SOURCE MATERIAL: Begin

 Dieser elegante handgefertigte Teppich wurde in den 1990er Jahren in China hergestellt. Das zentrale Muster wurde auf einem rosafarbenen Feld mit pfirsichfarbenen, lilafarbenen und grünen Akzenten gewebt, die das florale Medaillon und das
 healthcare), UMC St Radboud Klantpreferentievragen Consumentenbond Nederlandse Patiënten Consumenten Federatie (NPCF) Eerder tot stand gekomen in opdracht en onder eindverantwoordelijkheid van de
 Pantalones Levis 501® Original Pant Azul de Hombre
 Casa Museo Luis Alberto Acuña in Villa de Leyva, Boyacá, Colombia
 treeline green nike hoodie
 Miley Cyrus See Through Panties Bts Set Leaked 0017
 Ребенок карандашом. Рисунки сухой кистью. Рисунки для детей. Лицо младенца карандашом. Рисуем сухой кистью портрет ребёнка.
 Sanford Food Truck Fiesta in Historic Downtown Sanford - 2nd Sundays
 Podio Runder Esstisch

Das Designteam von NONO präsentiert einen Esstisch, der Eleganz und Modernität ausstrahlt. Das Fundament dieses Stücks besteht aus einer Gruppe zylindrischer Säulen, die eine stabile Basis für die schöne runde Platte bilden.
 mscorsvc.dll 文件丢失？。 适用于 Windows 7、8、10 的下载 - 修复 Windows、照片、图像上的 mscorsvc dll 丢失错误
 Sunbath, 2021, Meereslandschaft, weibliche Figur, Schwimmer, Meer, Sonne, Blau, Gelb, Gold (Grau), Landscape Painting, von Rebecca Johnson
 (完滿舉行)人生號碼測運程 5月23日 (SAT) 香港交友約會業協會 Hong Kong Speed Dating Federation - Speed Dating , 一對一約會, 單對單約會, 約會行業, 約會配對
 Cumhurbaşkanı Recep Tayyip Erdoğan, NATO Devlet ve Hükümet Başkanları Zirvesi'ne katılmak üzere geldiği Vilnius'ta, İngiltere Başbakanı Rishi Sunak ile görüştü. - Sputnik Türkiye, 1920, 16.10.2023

SOURCE MATERIAL: End

◆ TASK STATEMENT
Copy every record exactly, leaving each line intact.

◆ WRITTEN REPLY
 Dieser elegante handgefertigte Teppich wurde in den 1990er Jahren in China hergestellt. Das zentrale Muster wurde auf einem rosafarbenen Feld mit pfirsichfarbenen, lilafarbenen und grünen Akzenten gewebt, die das florale Medaillon und das
 healthcare), UMC St Radboud Klantpreferentievragen Consumentenbond Nederlandse Patiënten Consumenten Federatie (NPCF) Eerder tot stand gekomen in opdracht en onder eindverantwoordelijkheid van de
 Pantalones Levis 501® Original Pant Azul de Hombre
 Casa Museo Luis Alberto Acuña in Villa de Leyva, Boyacá, Colombia
 treeline green nike hoodie
 Miley Cyrus See Through Panties Bts Set Leaked 0017
 Ребенок карандашом. Рисунки сухой кистью. Рисунки для детей. Лицо младенца карандашом. Рисуем сухой кистью портрет ребёнка.
 Sanford Food Truck Fiesta in Historic Downtown Sanford - 2nd Sundays
 Podio Runder Esstisch

Das Designteam von NONO präsentiert einen Esstisch, der Eleganz und Modernität ausstrahlt. Das Fundament dieses Stücks besteht aus einer Gruppe zylindrischer Säulen, die eine stabile Basis für die schöne runde Platte bilden.
 mscorsvc.dll 文件丢失？。 适用于 Windows 7、8、10 的下载 - 修复 Windows、照片、图像上的 mscorsvc dll 丢失错误
 Sunbath, 2021, Meereslandschaft, weibliche Figur, Schwimmer, Meer, Sonne, Blau, Gelb, Gold (Grau), Landscape Painting, von Rebecca Johnson
 (完滿舉行)人生號碼測運程 5月23日 (SAT) 香港交友約會業協會 Hong Kong Speed Dating Federation - Speed Dating , 一對一約會, 單對單約會, 約會行業, 約會配對
 Cumhurbaşkanı Recep Tayyip Erdoğan, NATO Devlet ve Hükümet Başkanları Zirvesi'ne katılmak üzere geldiği Vilnius'ta, İngiltere Başbakanı Rishi Sunak ile görüştü. - Sputnik Türkiye, 1920, 16.10.2023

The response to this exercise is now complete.